A leading cause of plugged pores in biological waste treatment units is the accumulation of high molecular weight and "sticky" biological polymers. Organisms that thrive in the low F/M conditions found in MBR systems also tend to excrete copious amounts of extracellular polymeric substances (EPS). While some EPS is good and improves separation potential, the wrong EPS and overabundance of EPS can both create blinding conditions in membrane pores. 

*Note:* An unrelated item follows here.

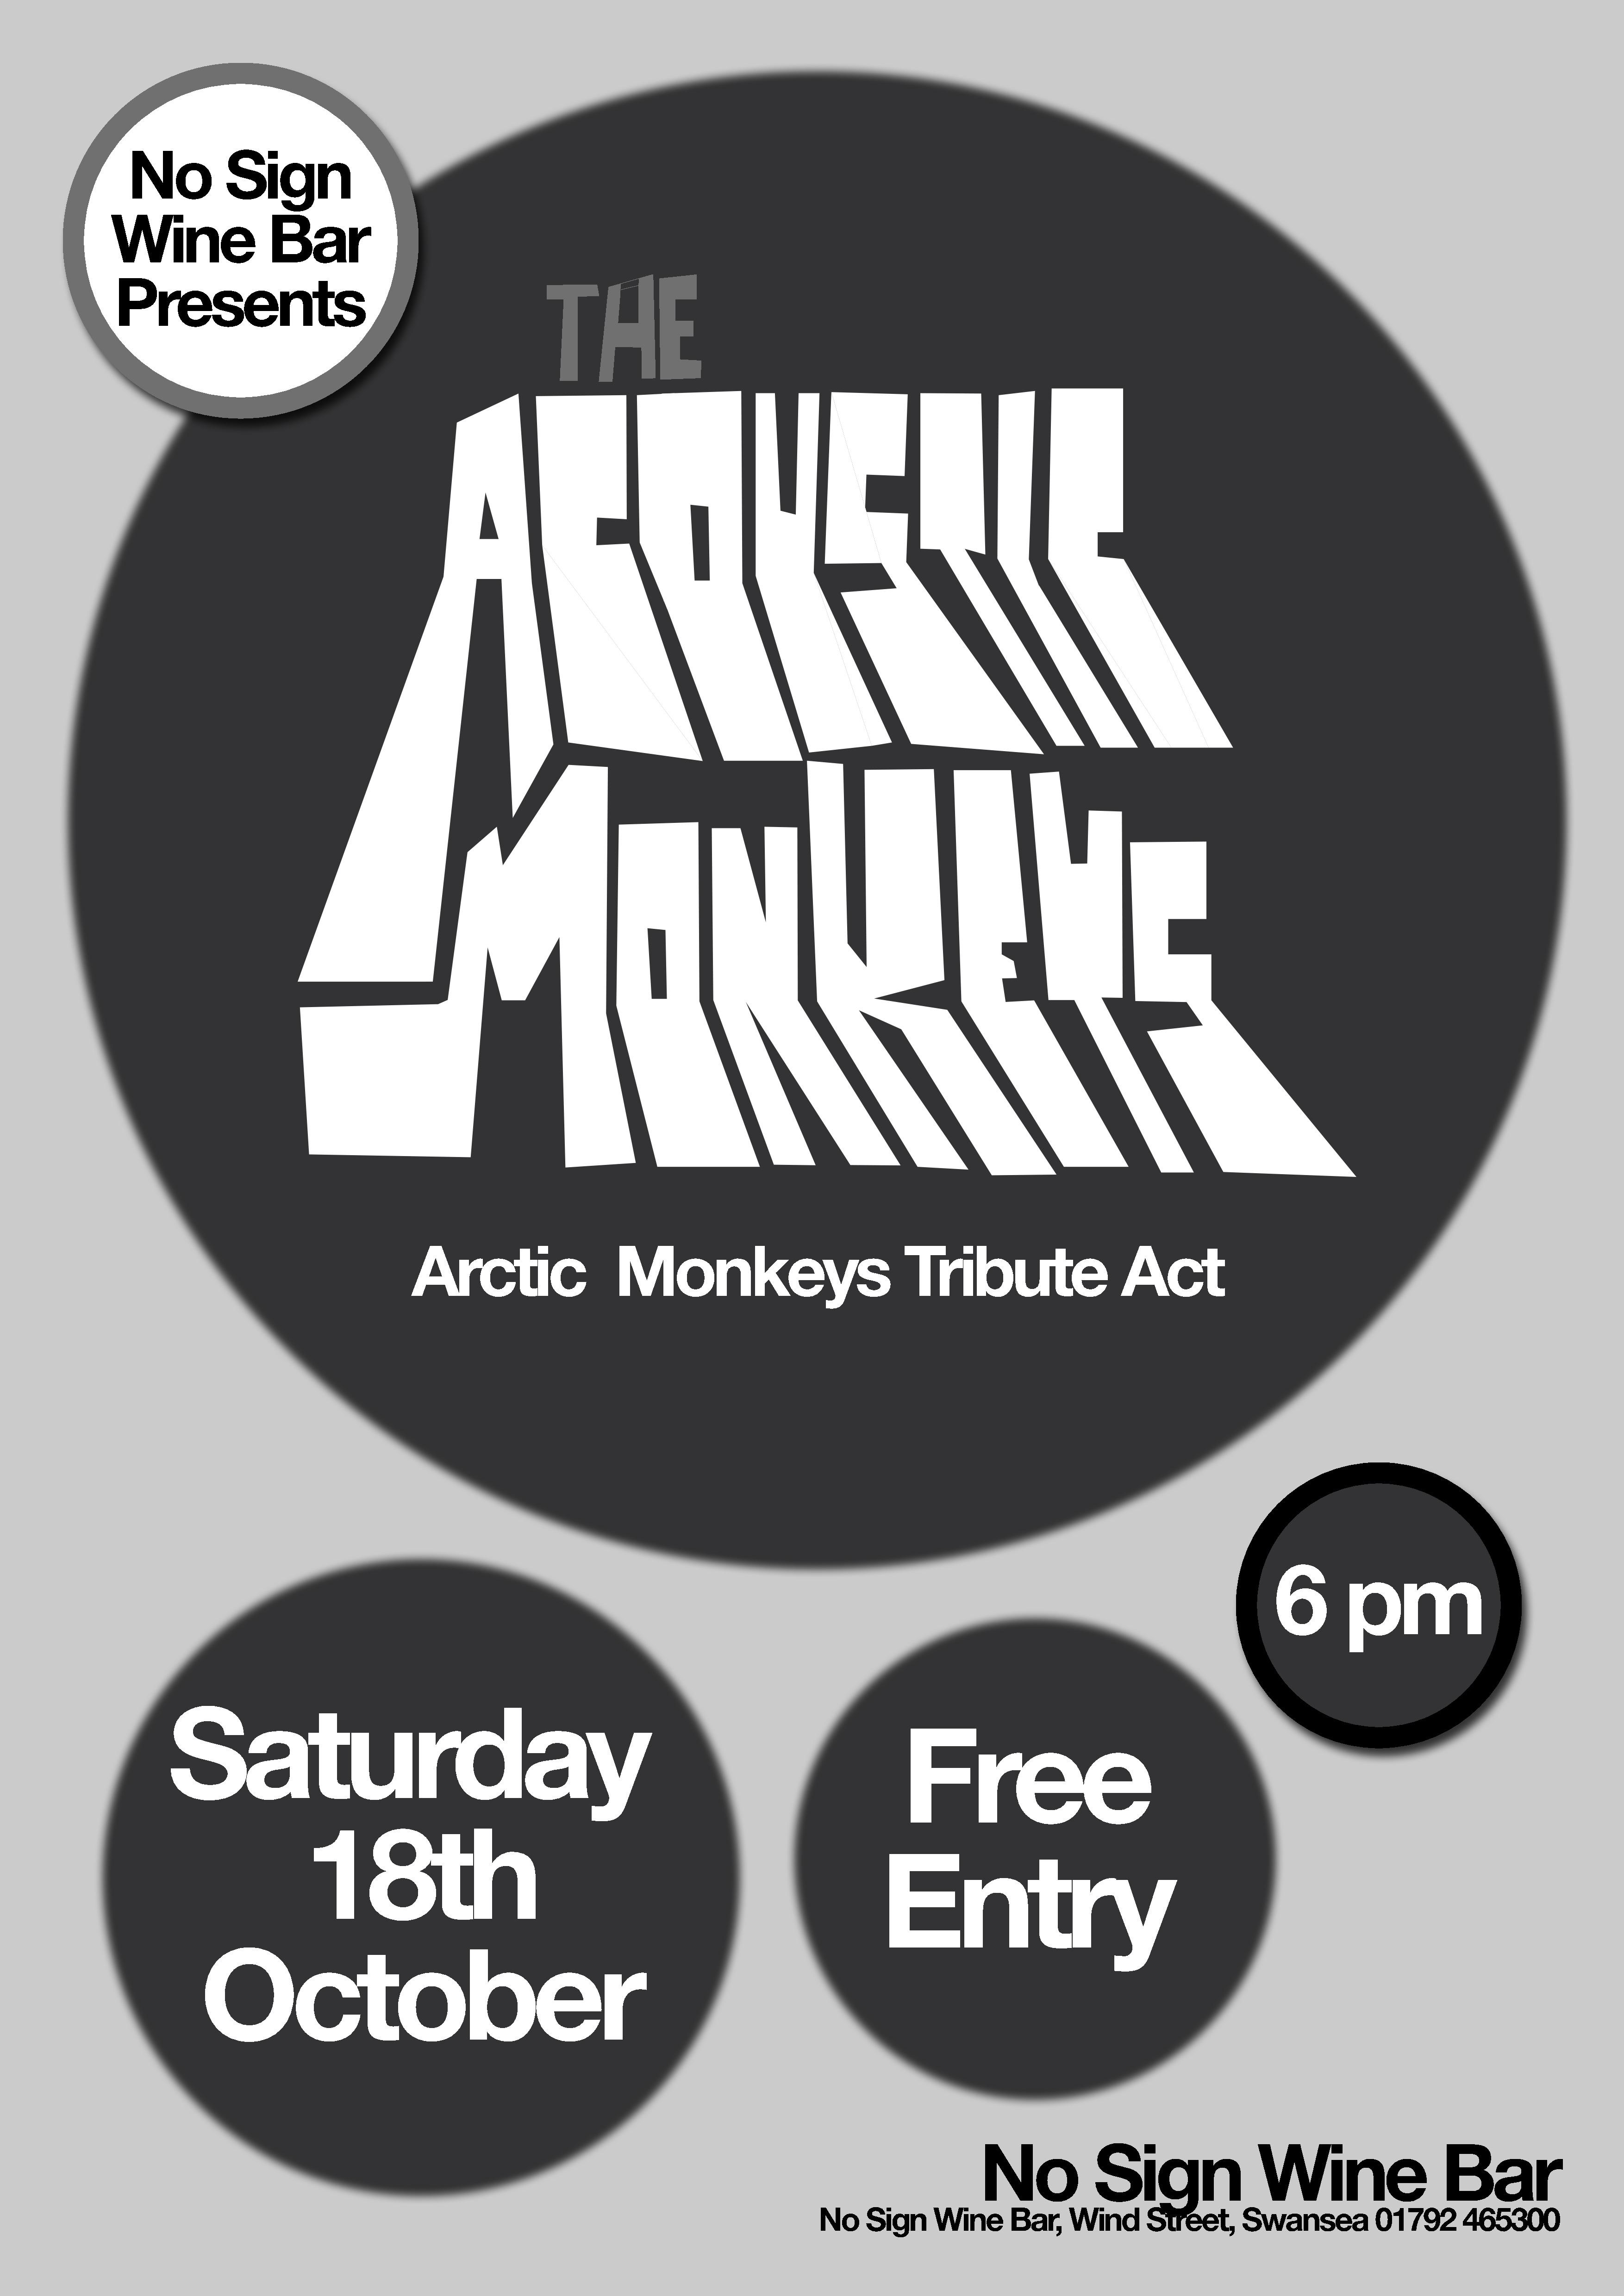 Acoustic Monkeys | 18.10.14 | Free entry | The Vault Swansea

The easiest ways to monitor EPS in a biological treatment unit is to run SV30, SVI, and microscopic exam on at least a daily basis. Additional monitoring with molecular testing is equally important - including both Microbial Community Analysis (MCA) and qPCR for specific problem or good organisms which gives earlier warnings for EPS blinding potential. When you have a buildup of problematic EPS, do not just assume that it cannot be corrected. Multiple control methods exist, it is just best to address the EPS problem before membrane issues start to compromise unit performance.


    Author

    Erik Rumbaugh has been involved in biological waste treatment for over 20 years. He has worked with industrial and municipal wastewater  facilities to ensure optimal performance of their treatment systems. He is a founder of Aster Bio (www.asterbio.com) specializing in biological waste treatment.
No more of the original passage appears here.